→ Given material:
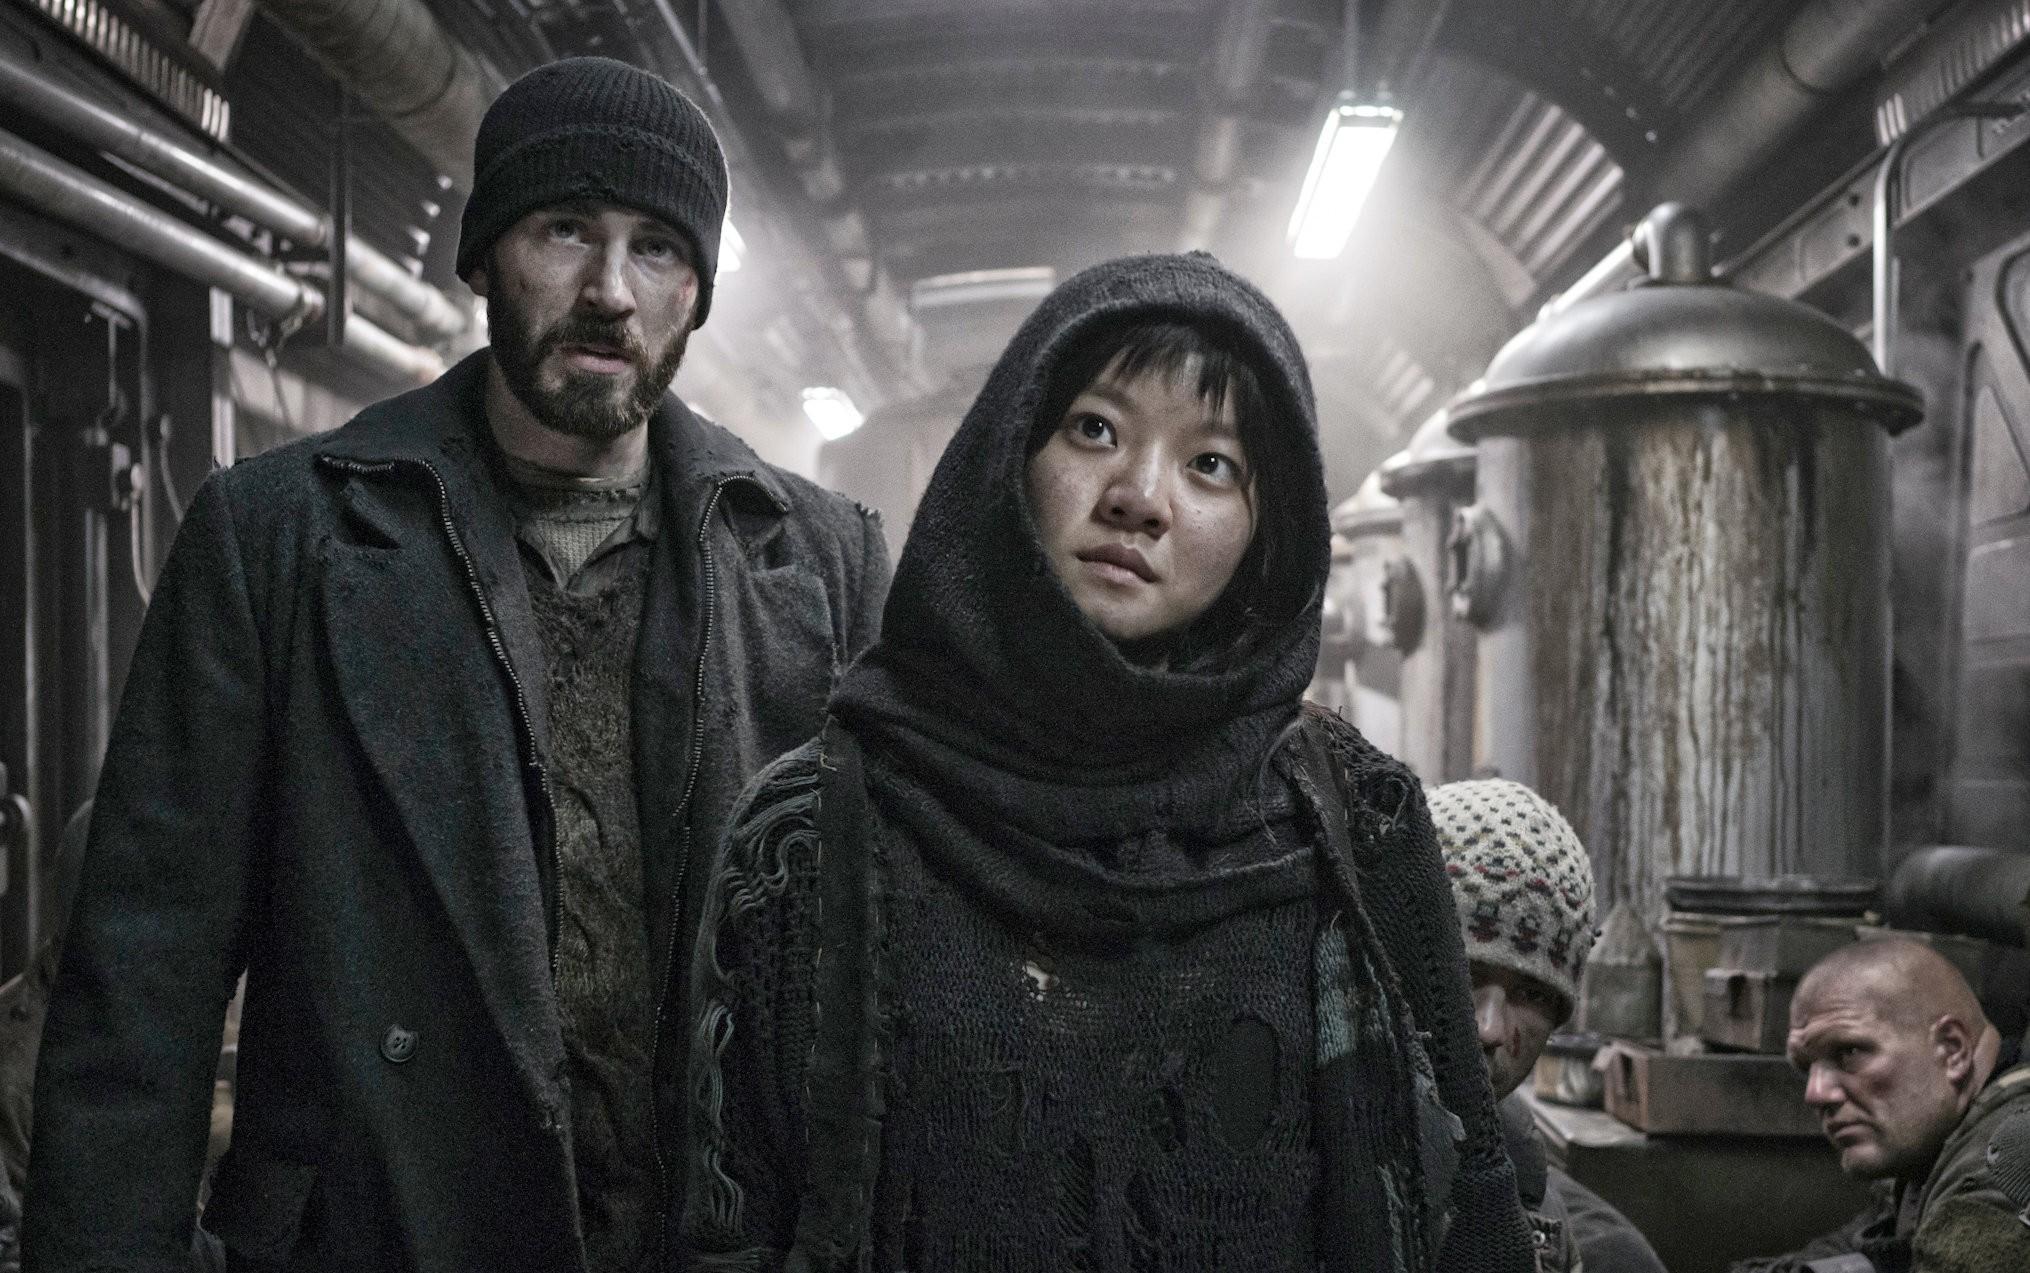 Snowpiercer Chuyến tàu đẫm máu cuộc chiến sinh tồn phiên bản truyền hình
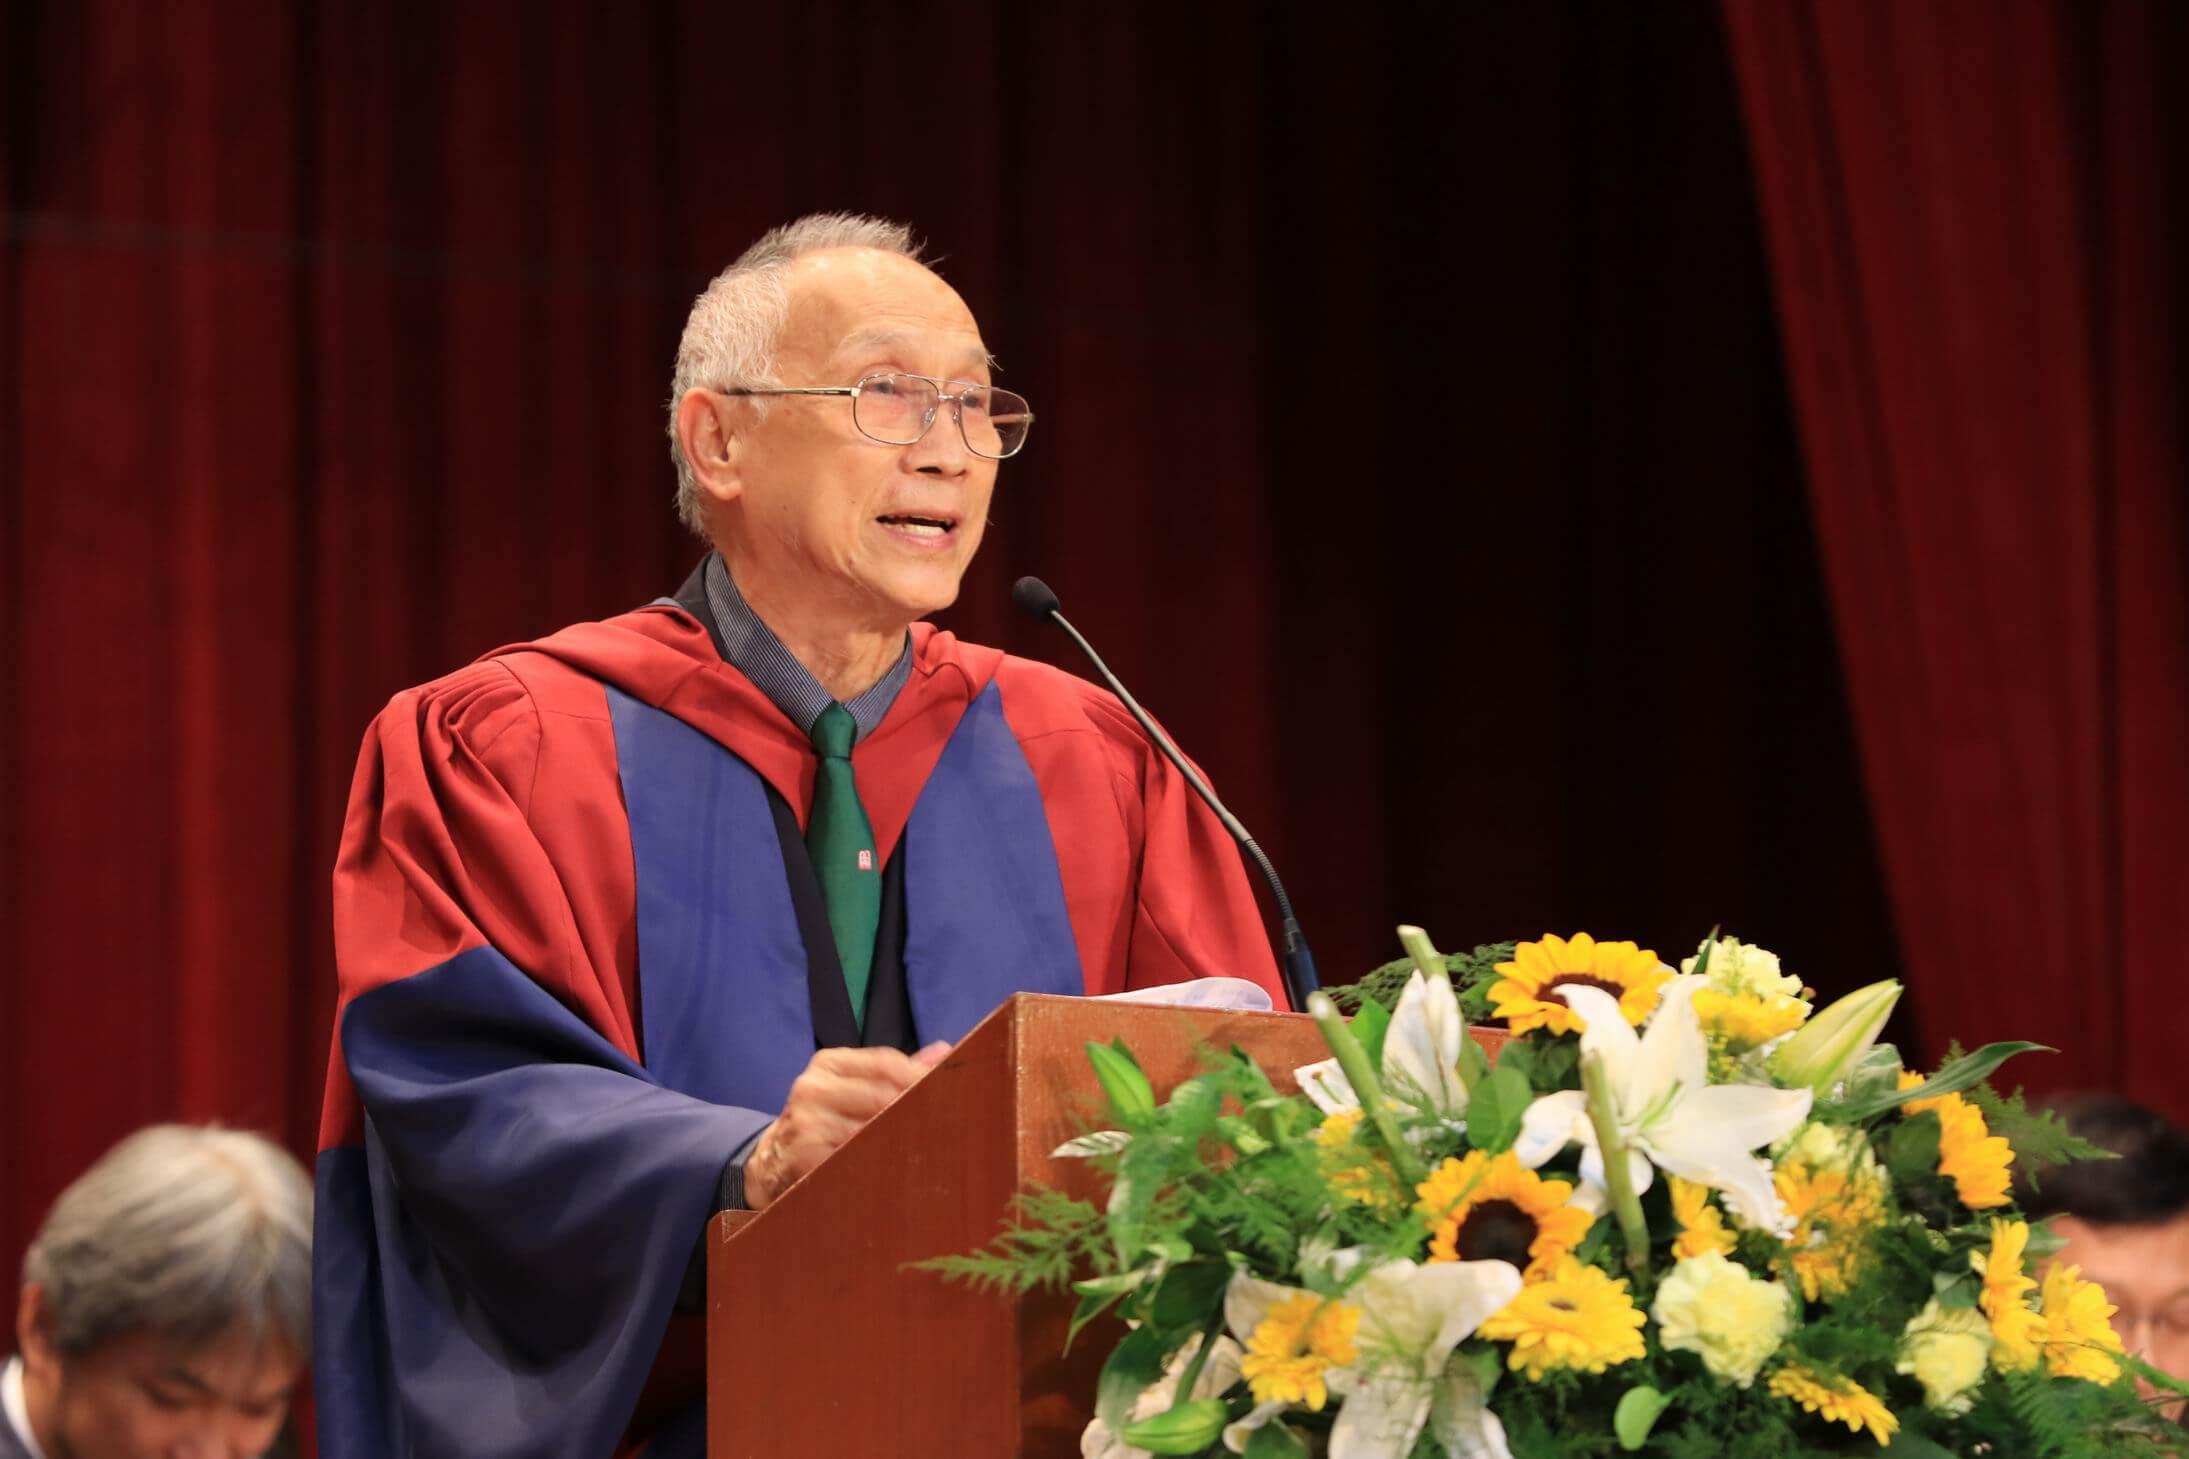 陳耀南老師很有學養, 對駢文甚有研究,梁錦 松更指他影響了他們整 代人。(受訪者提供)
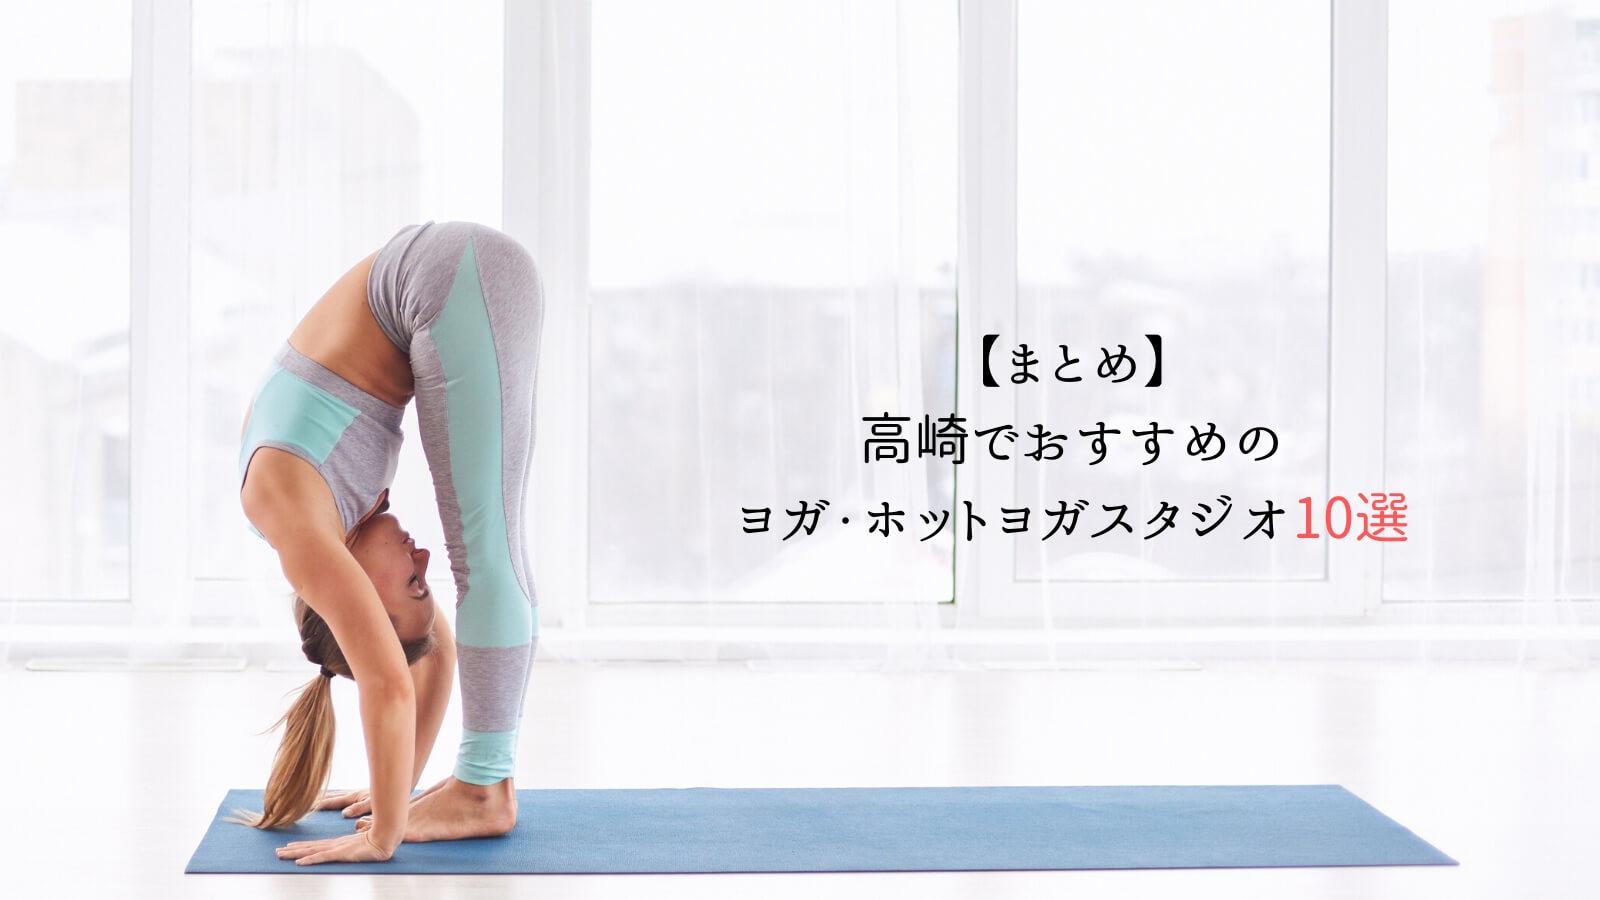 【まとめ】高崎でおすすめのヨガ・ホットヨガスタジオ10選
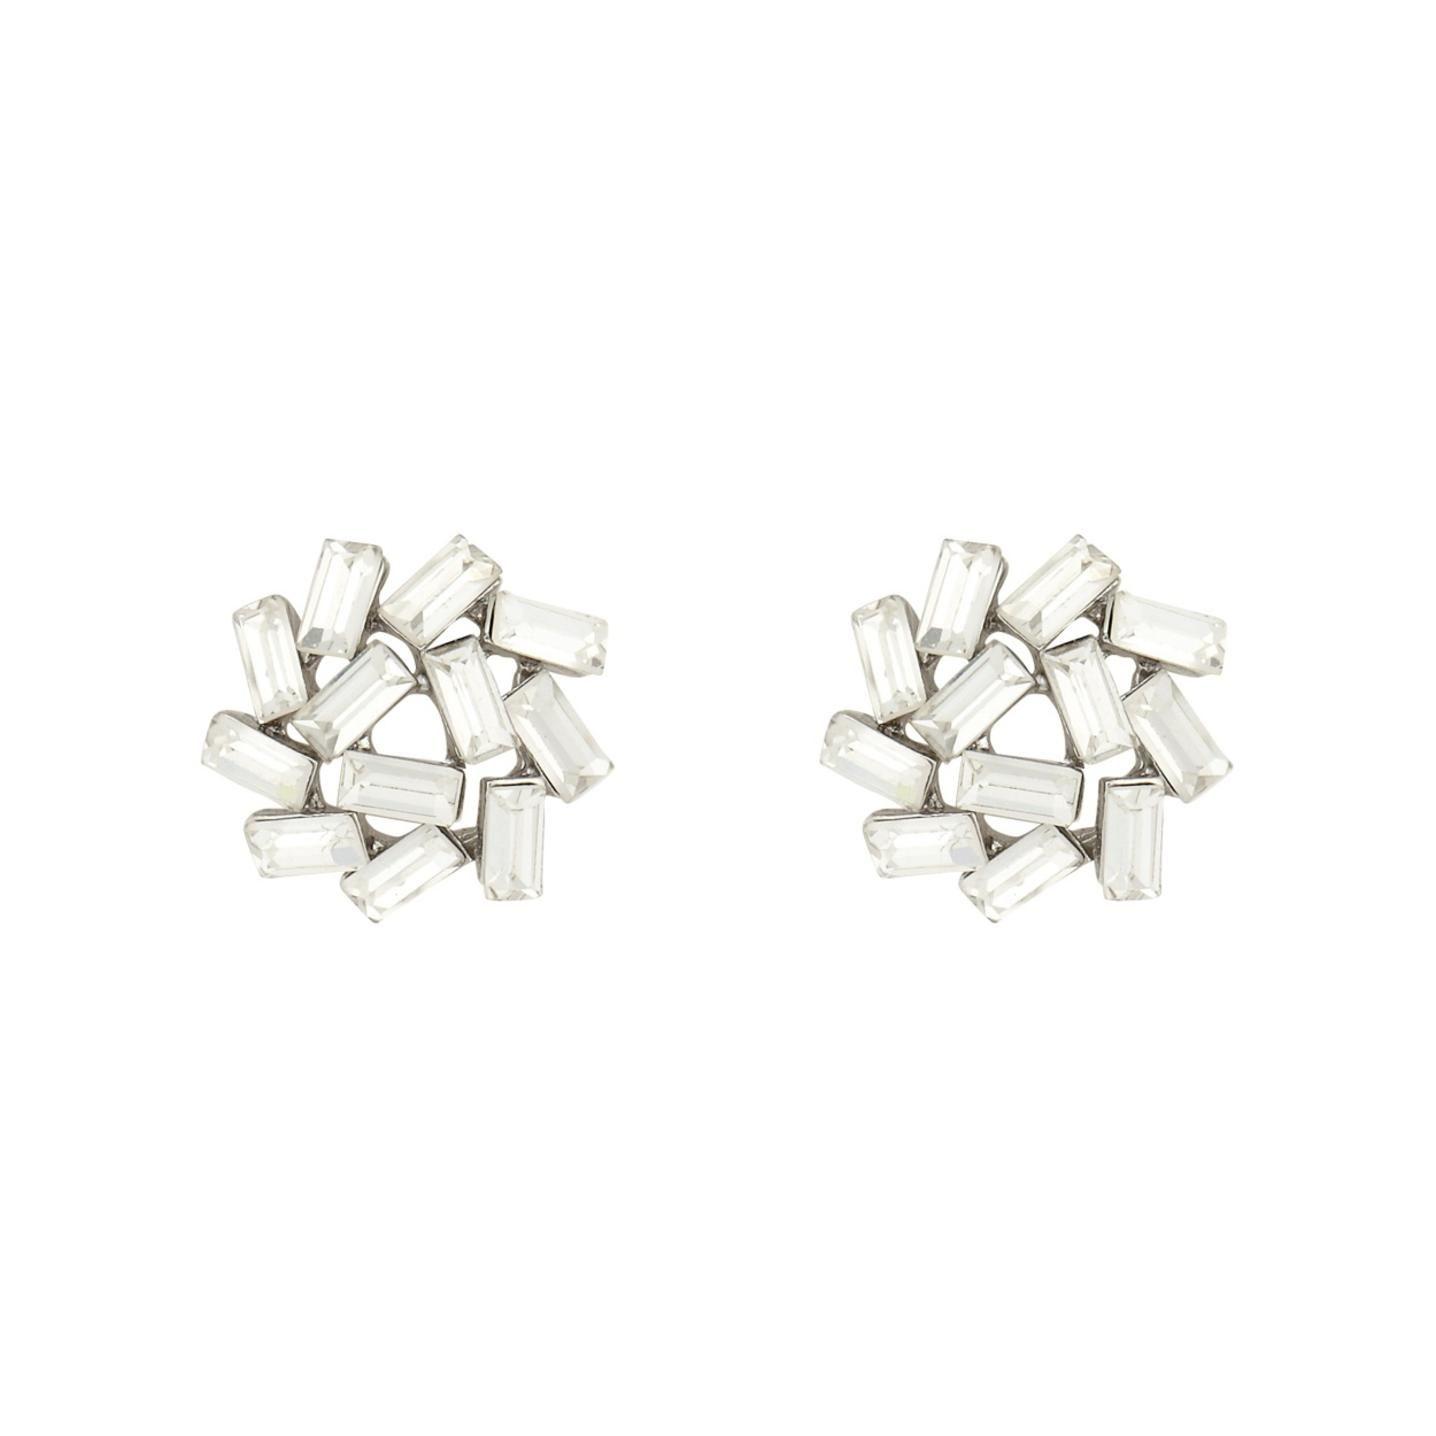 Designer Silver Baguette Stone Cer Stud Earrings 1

→ Your instructions: Please output each line above exactly and omit all images.

→ Exercise response:
 Snowpiercer Chuyến tàu đẫm máu cuộc chiến sinh tồn phiên bản truyền hình
 陳耀南老師很有學養, 對駢文甚有研究,梁錦 松更指他影響了他們整 代人。(受訪者提供)
 【まとめ】高崎でおすすめのヨガ・ホットヨガスタジオ10選
 Designer Silver Baguette Stone Cer Stud Earrings 1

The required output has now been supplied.